Il est établi sur ce point que Monsieur X n’a reçu qu’une somme de 10 000,00 francs. Les versements supplémentaires invoqués par les époux Y ne sont pas suffisamment justifiés. Il ressort par ailleurs d’un procès verbal de constat dressé par
Maître BERGIN huissier de justice que les ouvrages de menuiserie réalisés par Monsieur
X sont atteints de nombreuses et grossières malfaçons, détaillées de façon exhaustive par l’officier ministériel.
Ces désordres diminuent de façon importante la valeur des ouvrages construits. Il convient donc de décider qu’une compensation s’opérera entre les obligations respectives de restitution pesant sur chacune des parties, de telle sorte que Monsieur X conservera la somme reçue par lui et que les époux Y conserveront en l’état les ouvrages de menuiserie qui leur ont été livrés.
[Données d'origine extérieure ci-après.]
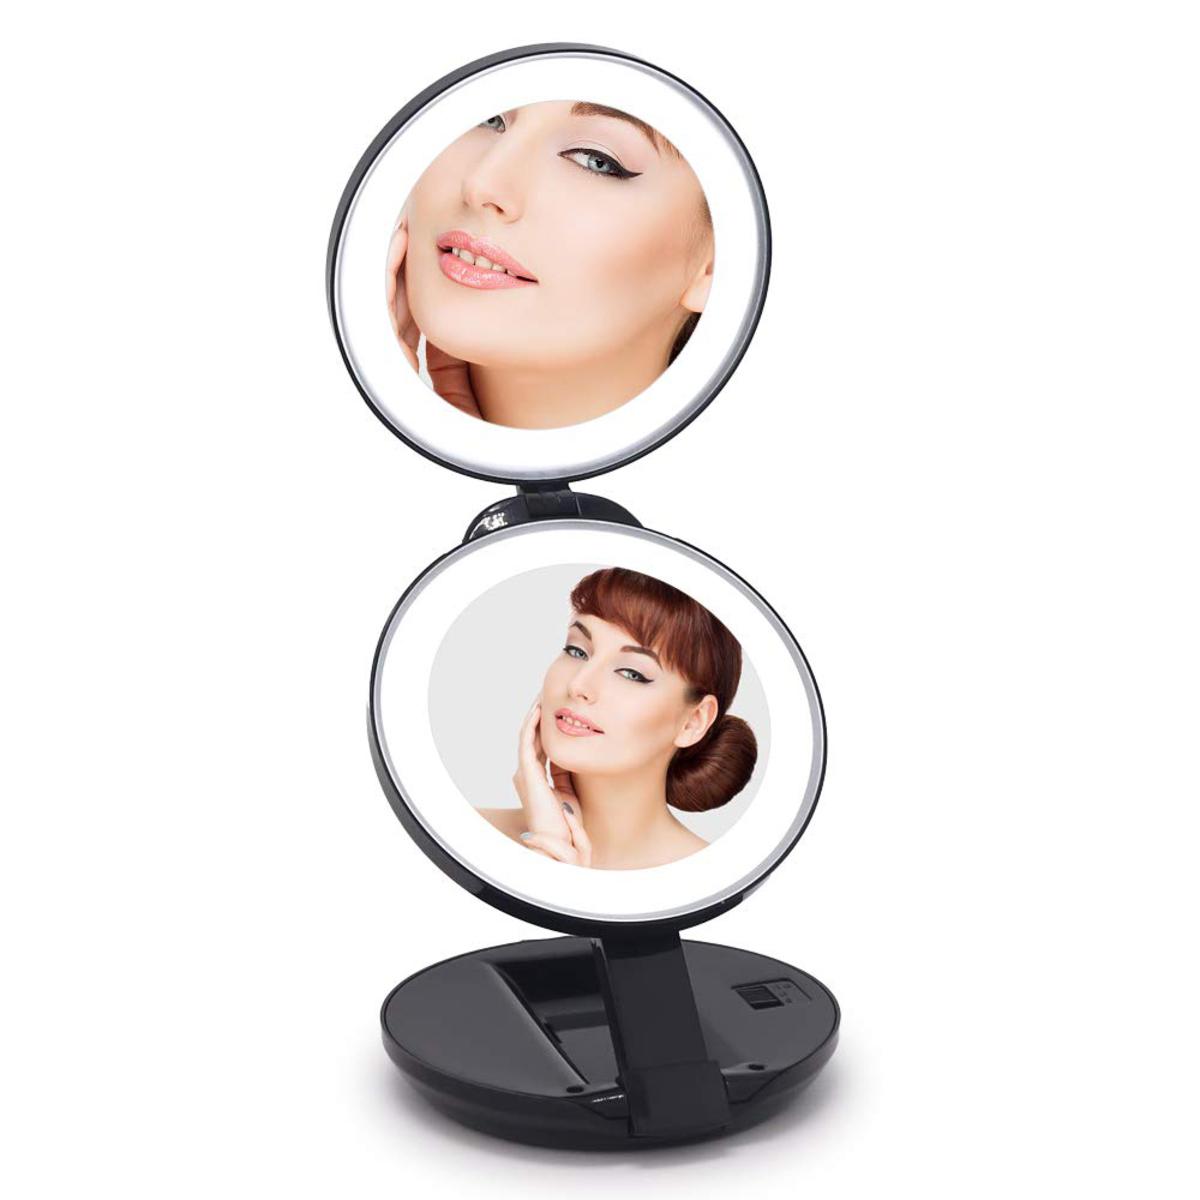 Lighted Handheld Makeup Mirror Saubhaya Makeup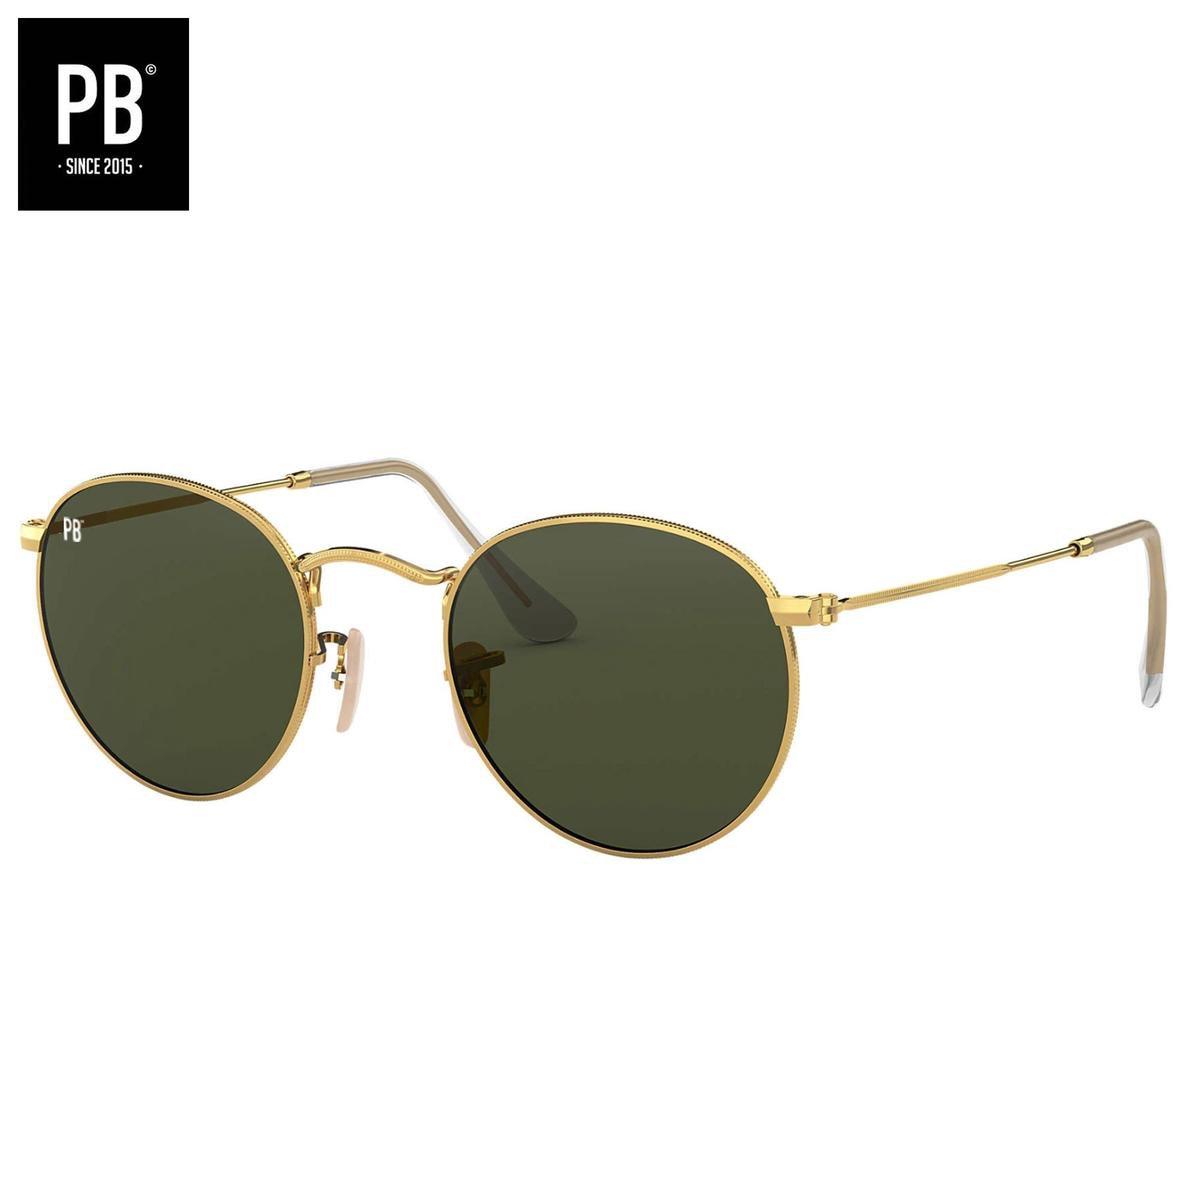 PB Sunglasses - Round Polarised   Zonnebril heren en dames - Gepolariseerd - Gouden montuur - Ronde zonnebril

Les époux Y ne justifient pas du préjudice supplémentaire qu’ils invoquent. Leur demande de dommages intérêts sera en conséquence écartée.
L’équité ne commande pas par ailleurs de faire application en l’espèce des dispositions de
l’article 700 du nouveau code de procédure civile.
PAR CES MOTIFS
LE TRIBUNAL, statuant publiquement, contradictoirement, en premier ressort,
PRONONCE la nullité du contrat conclu le 7 Mai 1989 entre les époux Y et Monsieur
X,
DIT que les obligations de restitution du prix et de restitution de la marchandise pesant respectivement sur Monsieur X et sur les époux Y se compenseront entre elles,
DIT qu’en conséquence Monsieur X conservera le prix perçu et les époux Y conserveront la marchandise livrée,
REJETTE la demande de dommages intérêts des époux Y ainsi que leur demande fondée sur l’article 700 du nouveau code de procédure civile,
LAISSE les dépens à la charge de Monsieur X.